3.3.1. Germination Inhibition Bioassay
Each extract was tested at two concentrations, 1 mg/mL and 0.5 mg/mL. The methanol extracts were dissolved in an aqueous solution of 0.05% Tween 20. Tween 20 served as a surfactant and is known for its non-toxic effects on seedlings. The chloroform extracts were dissolved in methanol. Subsequently, the extracts were applied on filter paper (Whatman No. 1) fitting the wells of a 6 well plate and allowed to evaporate to dryness. The filter papers of the chloroform extracts were then moistened with 0.8 mL of a 0.05% (v/v) aqueous solution of Tween 20. The aqueous solution of 0.05% Tween 20 served as a negative control. Chlorpropham, a commercial herbicide, at a concentration of 0.23 mM, was used as a positive control. Ten seeds of the weed to be tested were placed on the filter papers and incubated at 25 °C (L:D 12:12) for 7 days at the end of which the number of germinated seeds was counted. Seeds were considered germinated if the emerging radicles were longer than 2 mm. Each treatment at each concentration was replicated three times. Differences in germination inhibition between the plant extracts and the control were analyzed by chi-square tests.

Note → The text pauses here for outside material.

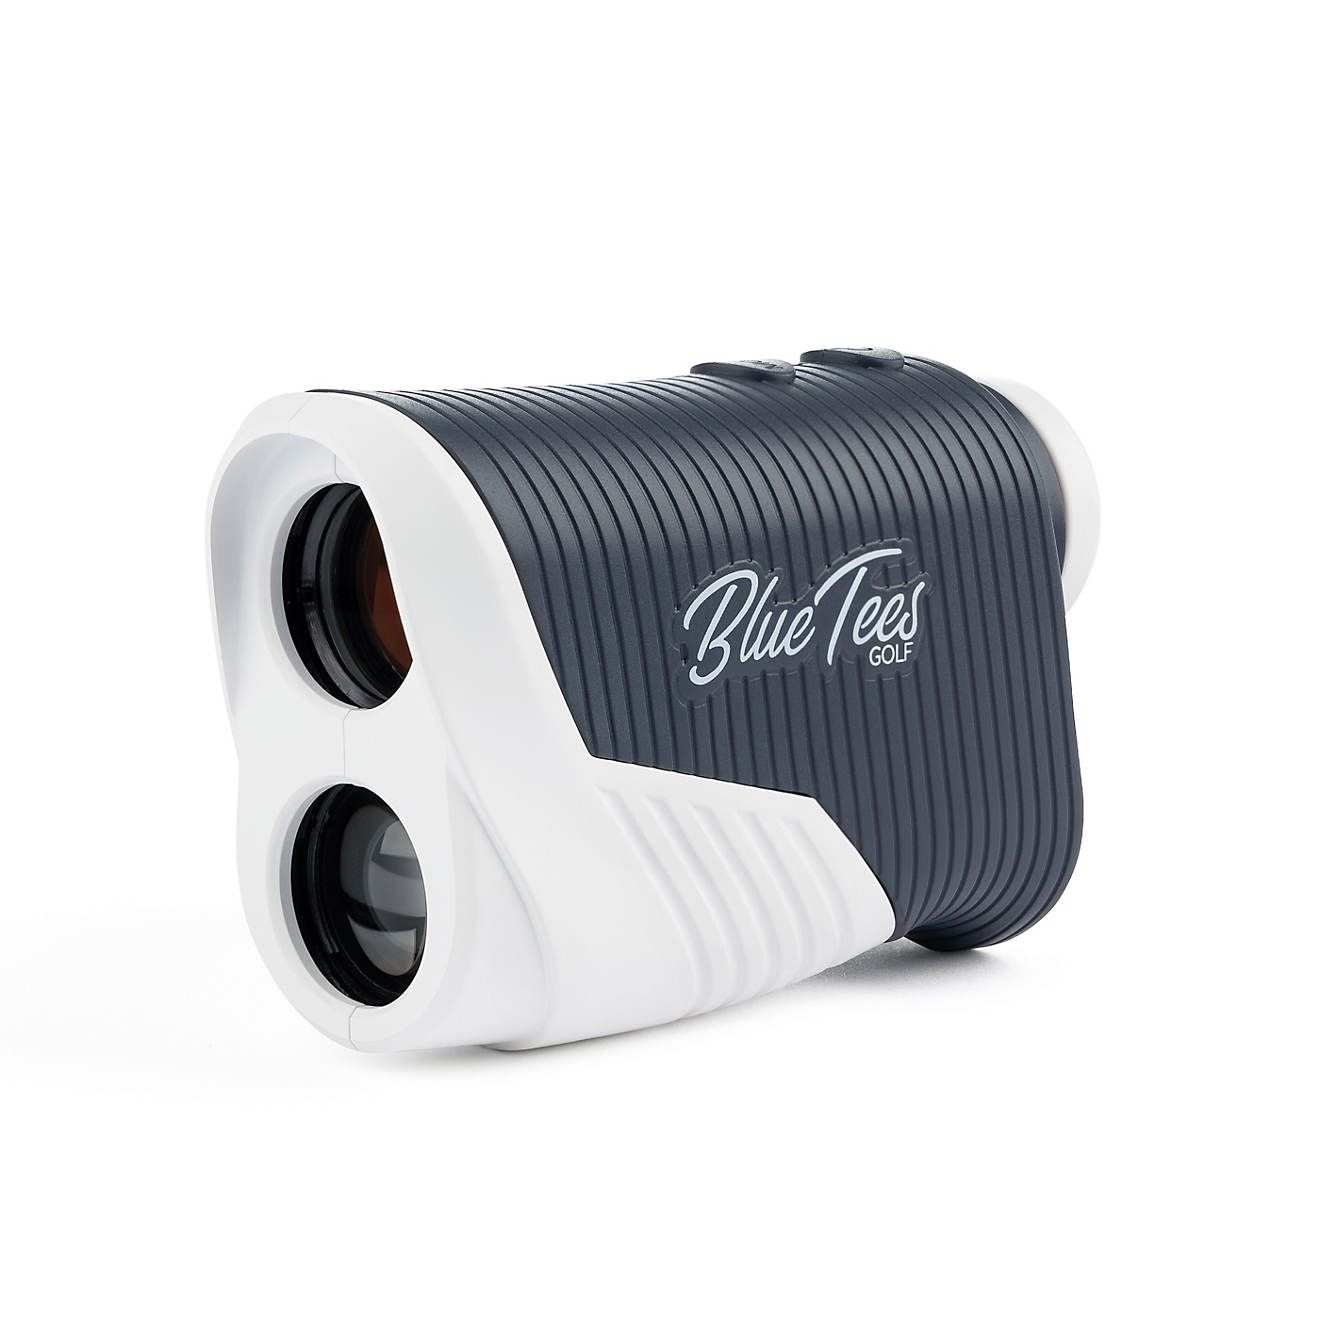 Blue Tees Golf Series 2 PRO Slope Rangefinder | Academy | Academy Sports + Outdoors

3.3.2. Growth Inhibition Bioassay
Growth inhibition of germinated seeds was tested using the most promising extracts deriving from the germination inhibition bioassay, at lower concentrations. As such, 10 methanol extracts at concentrations of 0.1 mg/mL and 0.01 mg/mL were tested against S. vulgaris. The bioassay was performed as describe above. After 7 days of incubation at 25 °C the length of coleoptiles and radicles were measured. Each treatment at each concentration was replicated three times. Significant differences in coleoptile and radicle growth between treatments and control plants were analyzed by one-way ANOVA.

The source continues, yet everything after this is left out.